**TRY IT**:
Reproduce, without alteration, every line of the data; exclude the images.

**INPUT DATA**:
--*--

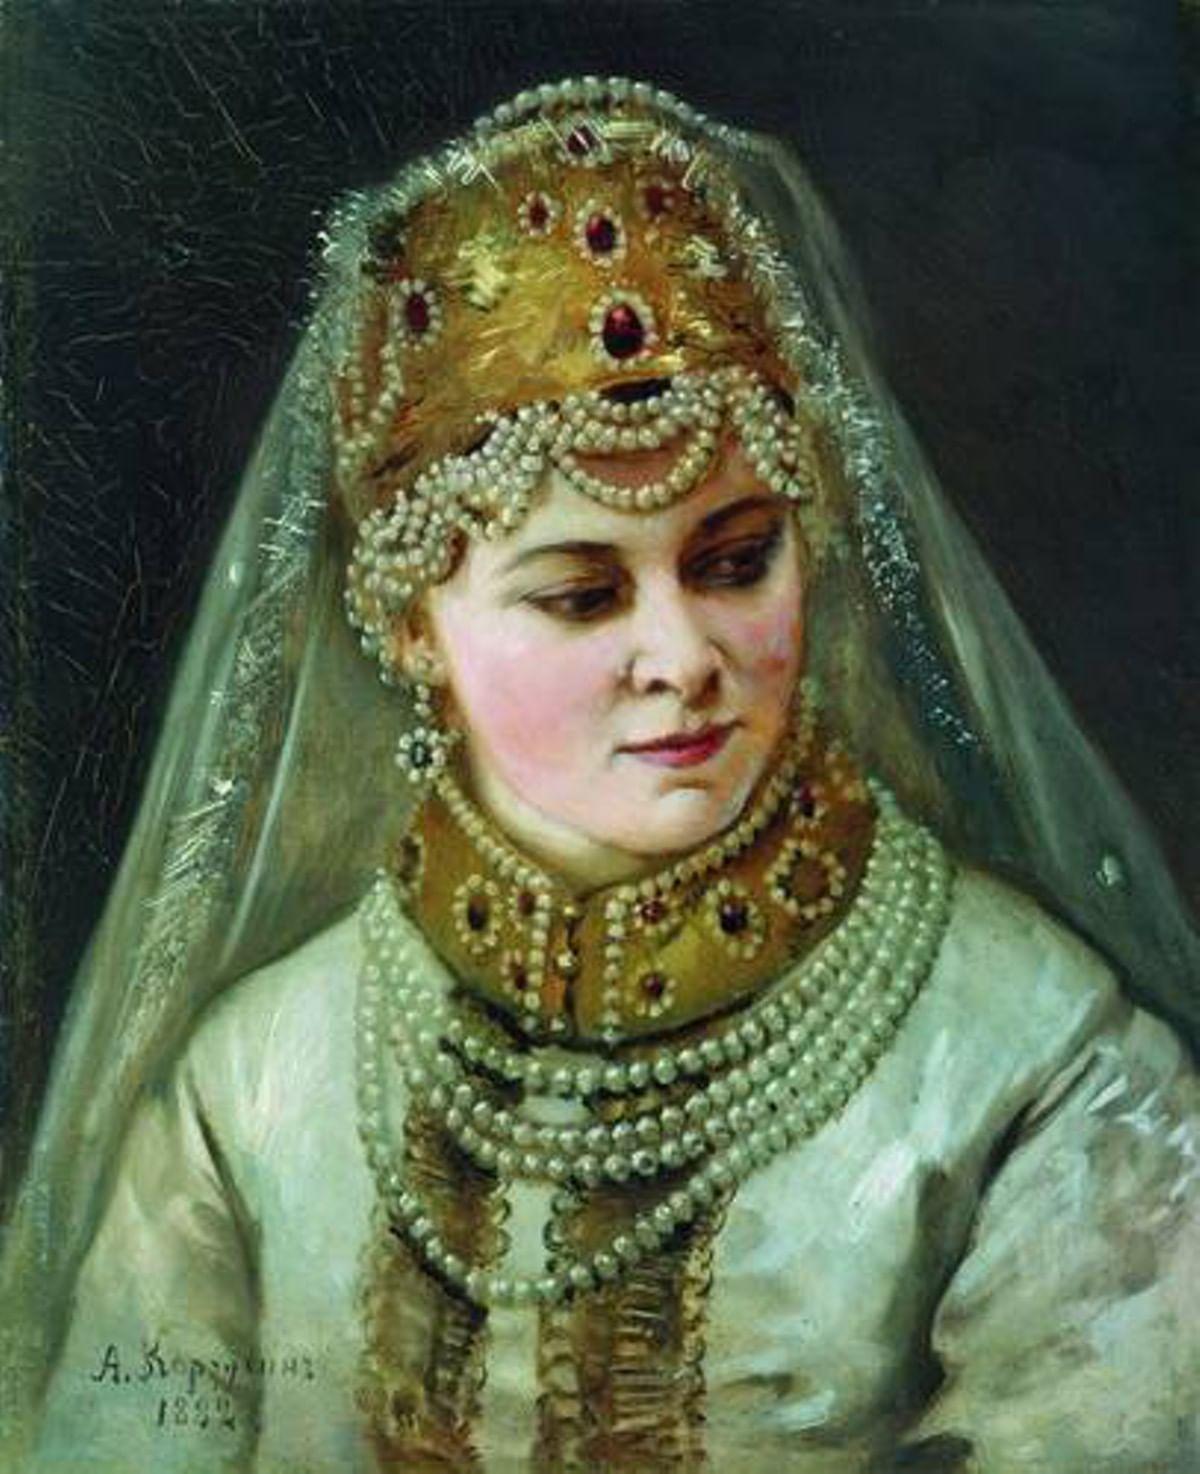 Любовь к жемчугу: Перлы в русском искусстве. Галерея 1
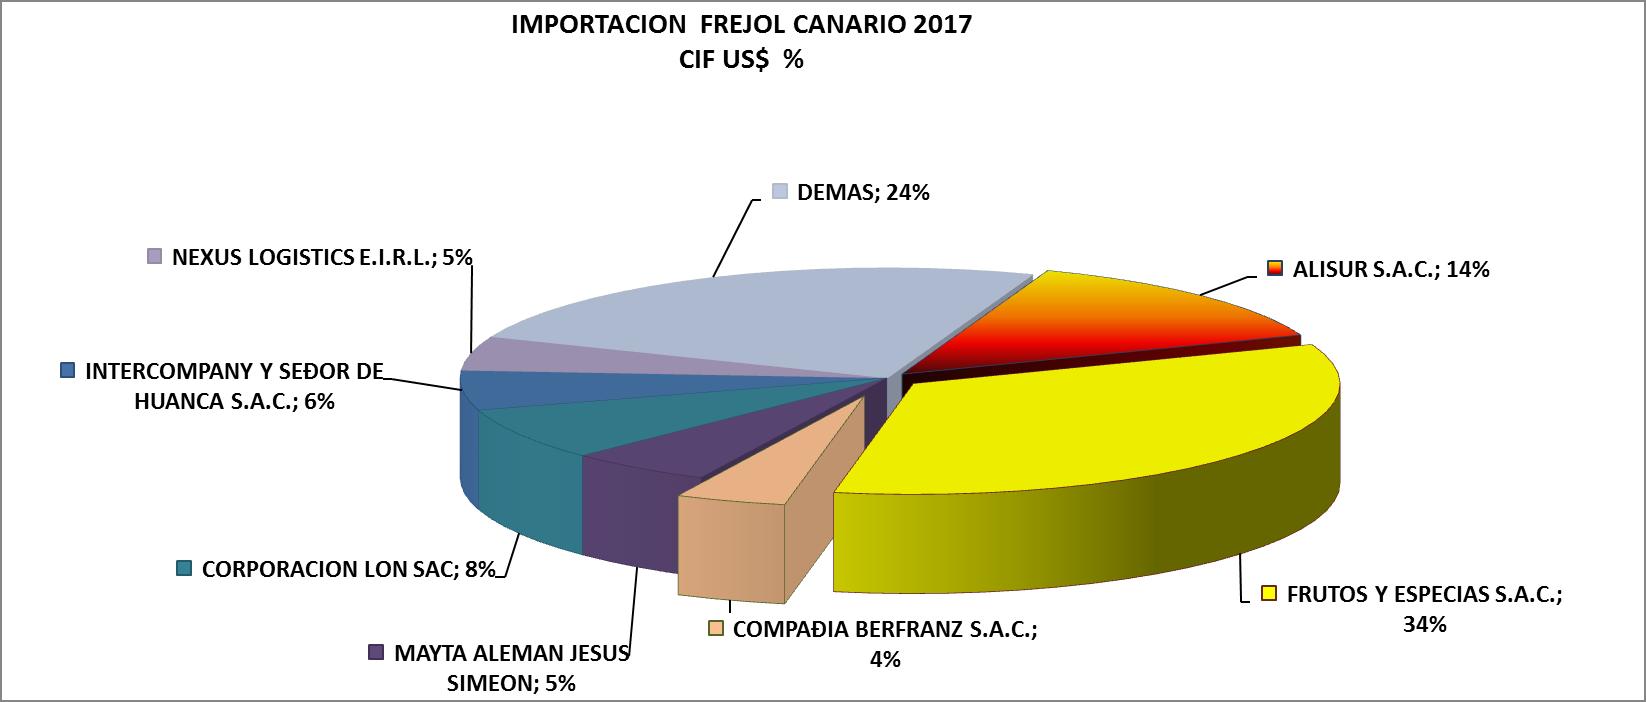 Frejol Canario Perú Importación 2017 Agosto
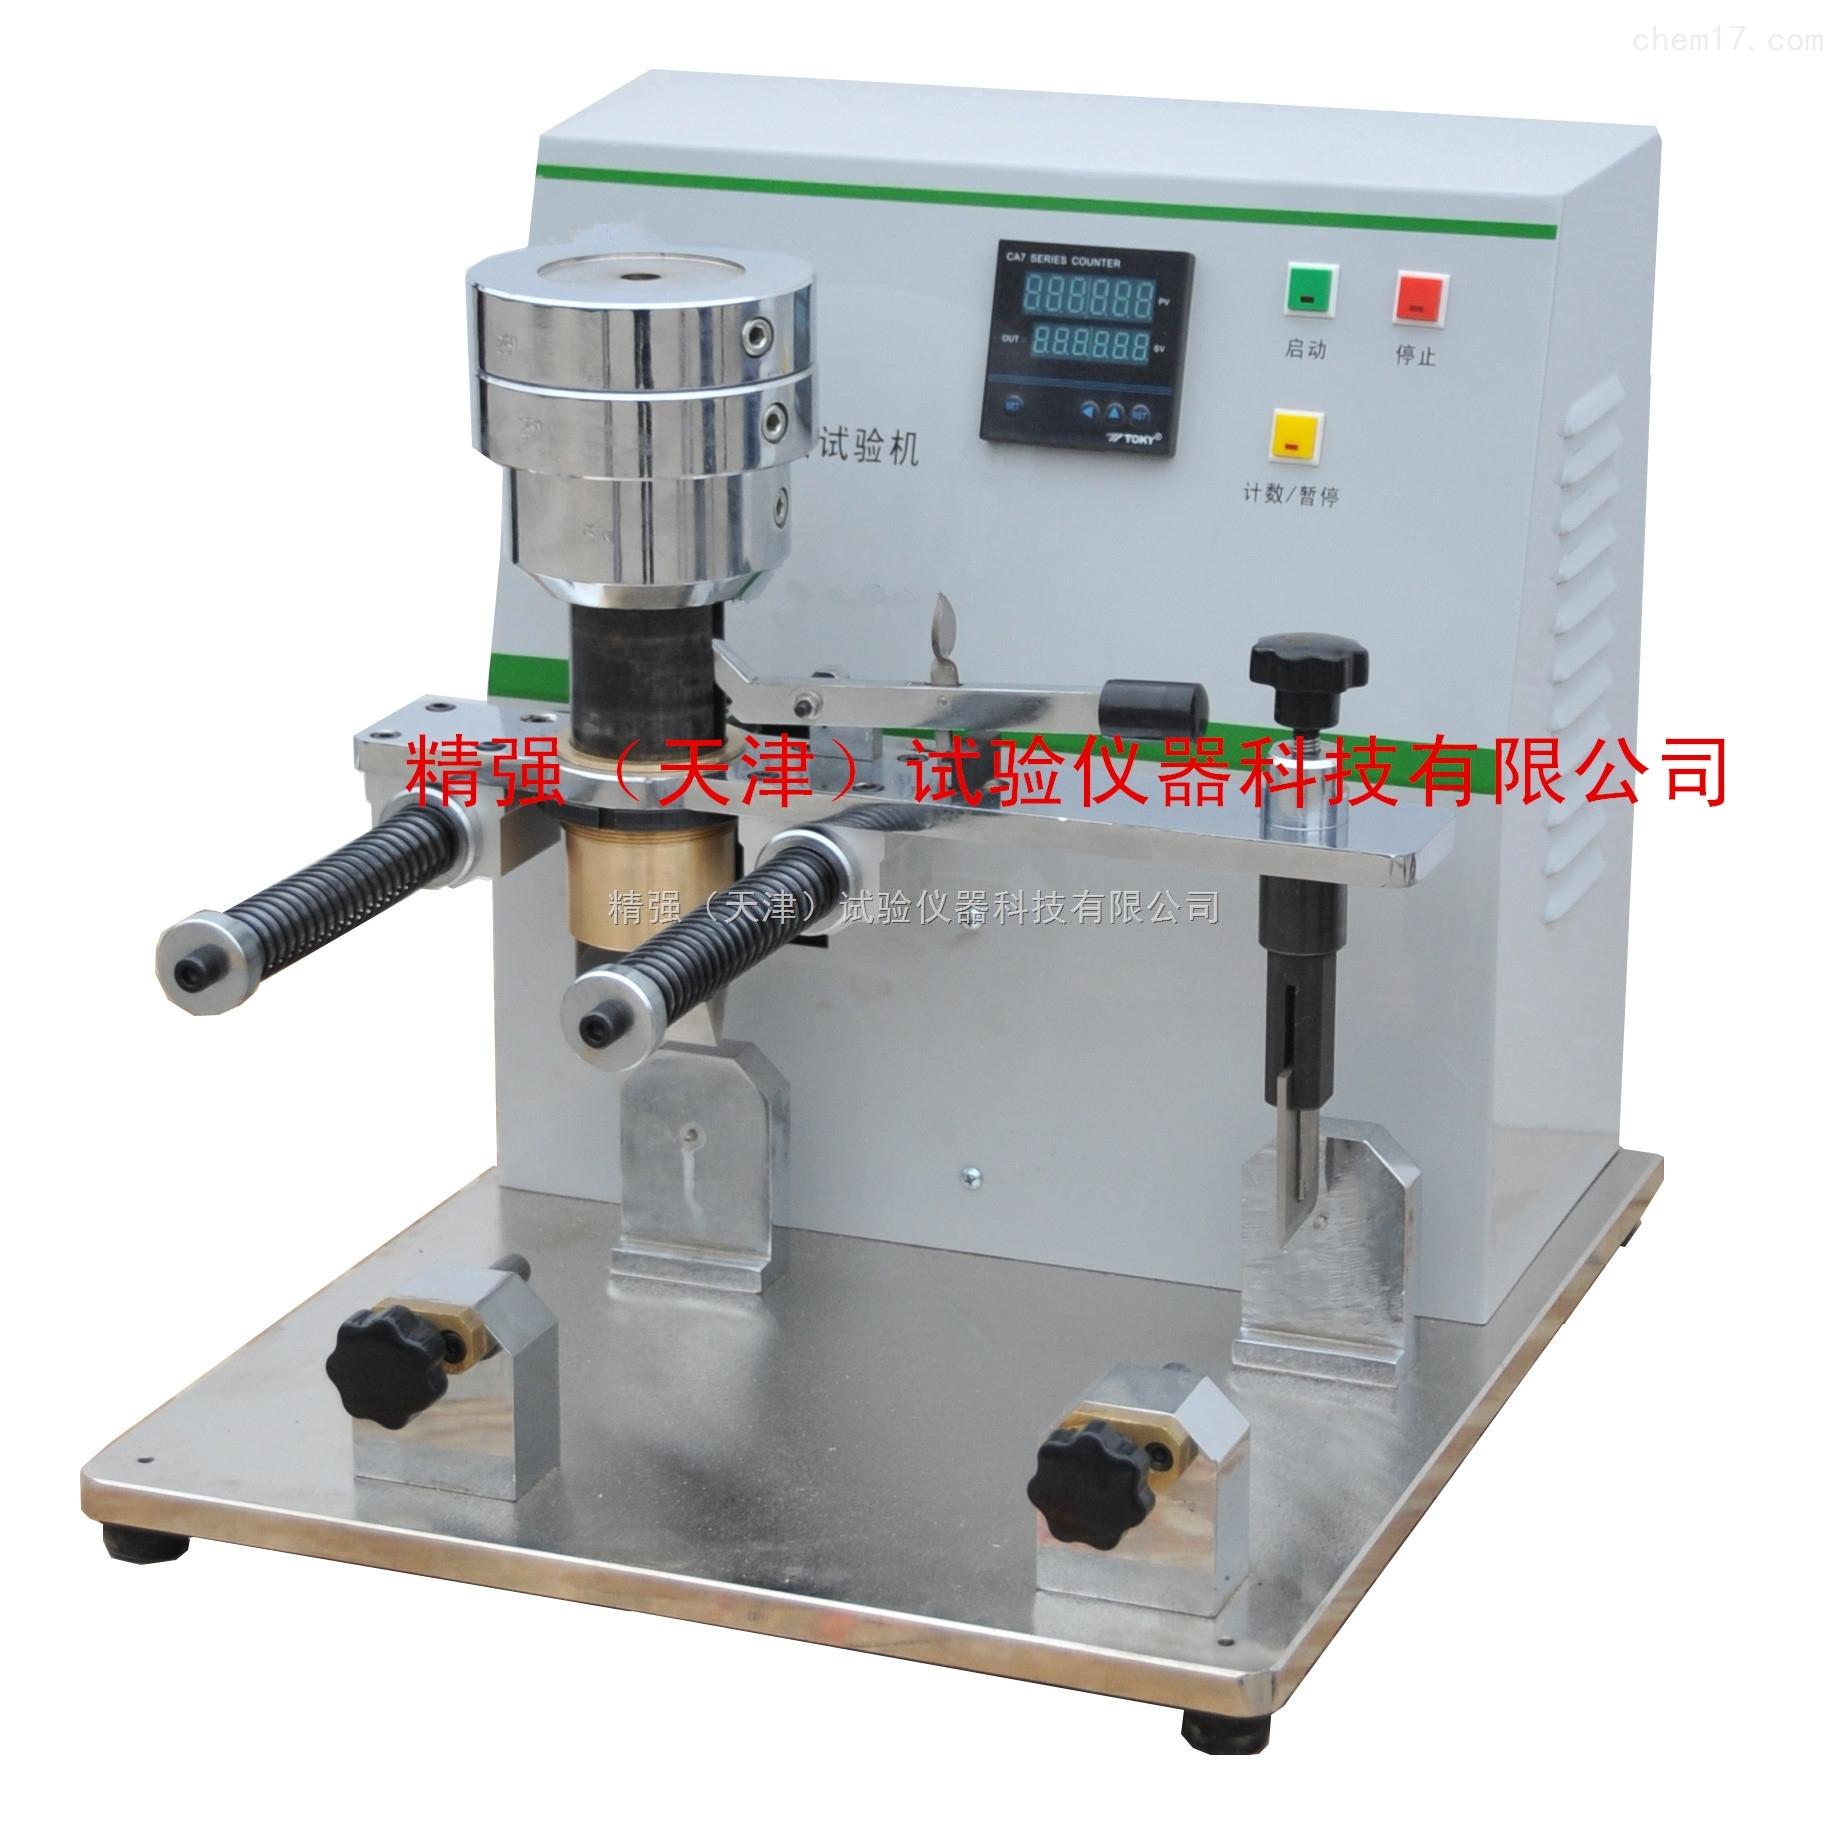 JM-橡胶管耐磨机

--*--

**RESULT OF THE EXERCISE**:
 Любовь к жемчугу: Перлы в русском искусстве. Галерея 1
 Frejol Canario Perú Importación 2017 Agosto
 JM-橡胶管耐磨机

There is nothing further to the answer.